Business Description; Legal Proceedings

Disclosure of cyber-related matters may be required in a company’s business description where they affect a company’s products, services, relationships with customers and suppliers or competitive conditions. Likewise, material litigation would need to be included in the “legal proceedings” section of a periodic report or registration statement. The litigation disclosure should include any proceedings that relate to cybersecurity issues.

Financial Statements

Cyber-matters may need to be included in a company’s financial statements prior to, during and/or after an incident. Costs to prevent cyber-incidents are generally capitalized and included on the balance sheet as an asset. GAAP provides for specific recognition, measurement and classification treatment for the payment of incentives to customers or business relations, including after a cyber-attack.  Cyber-incidents can also result in direct losses or the necessity to account for loss contingencies, including those related to warranties, direct loss of revenue, providing customers with incentives, breach of contract, product recall and replacement, indemnification or remediation. Incidents can result in loss of, and therefore accounting impairment to, goodwill, intangible assets, trademarks, patents, capitalized software and even inventory.  Financial statement disclosure may also include expenses related to investigation, breach notification, remediation and litigation, including the costs of legal and other professional service providers.

Broad Risk Oversight

A company must disclose the extent of its board of directors’ role in the risk oversight of the company, such as how the board administers its oversight function and the effect this has on the board’s leadership structure. To the extent cybersecurity risks are material to a company’s business, this discussion should include the nature of the board’s role in overseeing the management of that risk. Information should also be included on how the board engages with management on cybersecurity risk management.

Controls and Procedures

The new guidance clearly provides that companies should adopt comprehensive policies and procedures related to cybersecurity and to assess their compliance regularly, including policy/procedure compliance related to the sufficiency of disclosure controls and procedures.  Procedures must address a company’s ability to record, process, summarize and report financial and other information in SEC filings.  Additionally, any deficiency in these controls and procedures should be reported.

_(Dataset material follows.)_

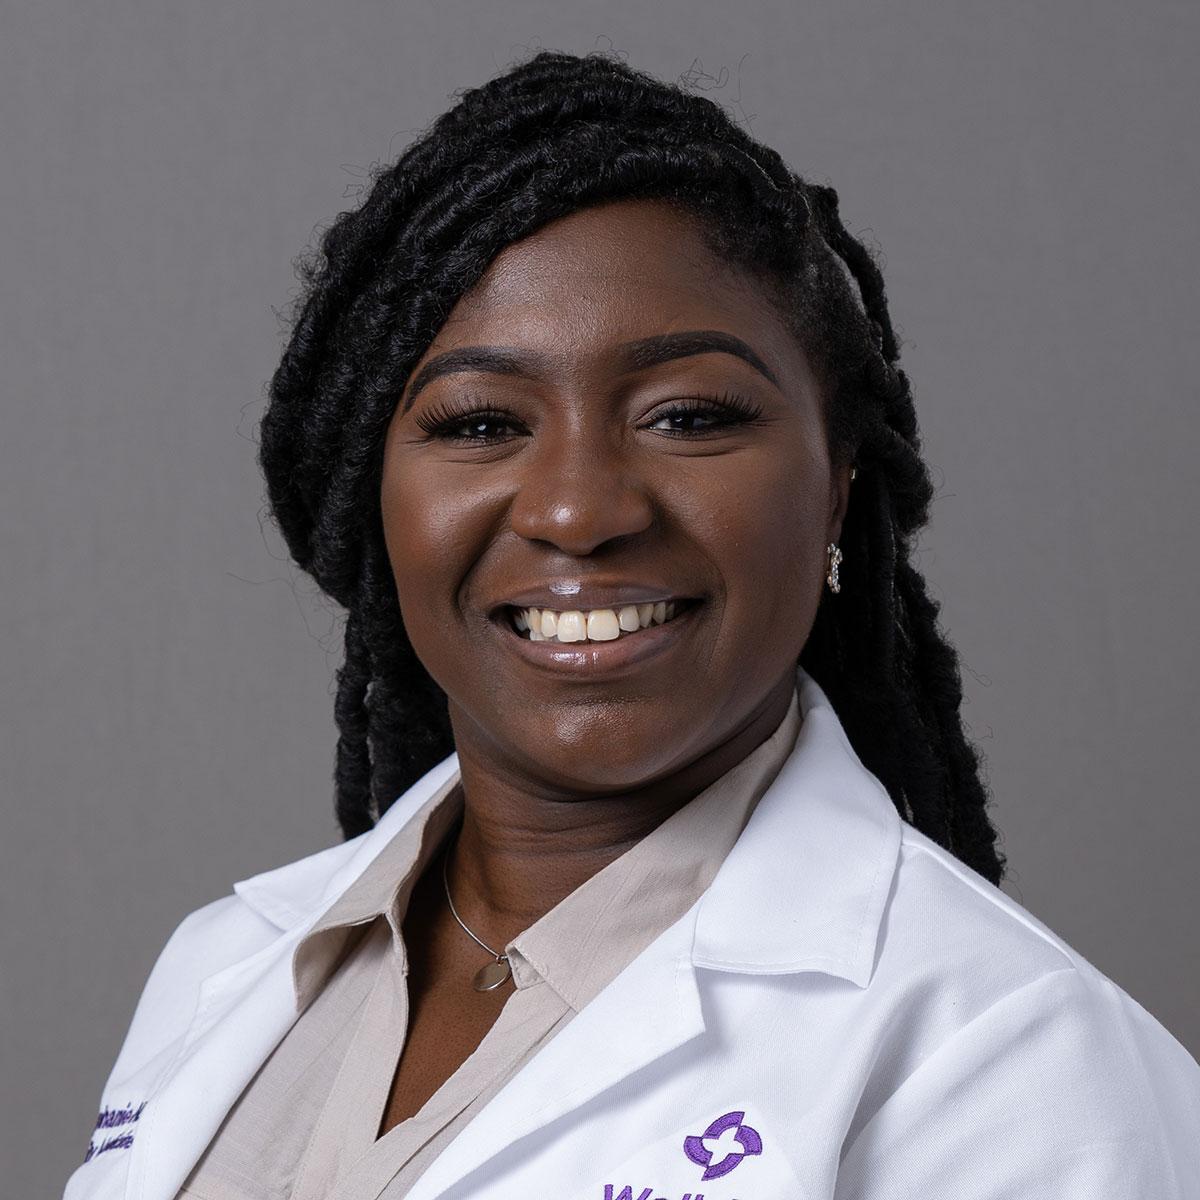 A friendly headshot of Dr. Stephanie Okeke

The SEC reminds companies that their principal executive officer and principal financial officer must make individual certifications regarding the design and effectiveness of disclosure controls and procedures. These certifications should take into account cybersecurity-related controls and procedures.

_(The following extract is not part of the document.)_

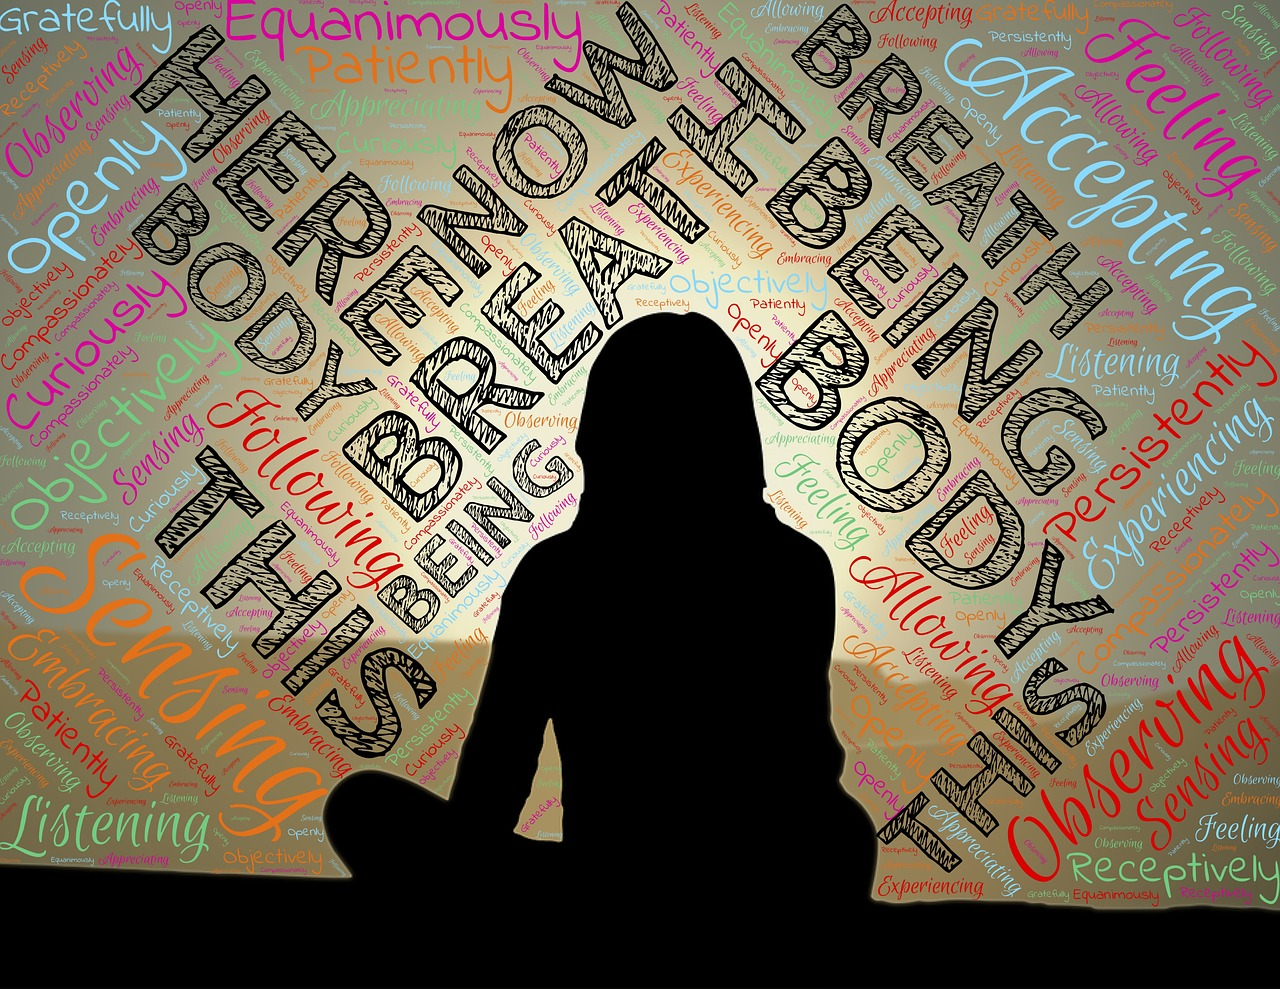 https://mlbyytp0evj0.i.optimole.com/w:960/h:989/q:auto/https://astroluna.rs/wp-content/uploads/2019/08/meditation-1837347_1280.jpg

Furthermore, as discussed above, a company should have proper policies and procedures preventing officers, directors and other insiders from trading on material nonpublic information related to cybersecurity risks and incidents.

Regulation FD and Selective Disclosure

Companies may have disclosure obligations under Regulation FD related to cybersecurity matters. Under Regulation FD, “when an issuer, or person acting on its behalf, discloses material nonpublic information to certain enumerated persons it must make public disclosure of that information.” The SEC reminds companies that these requirements also relate to cybersecurity matters and that, along with all the other disclosure requirements, policies and procedures should specifically address any disclosures of material non-public information related to cybersecurity.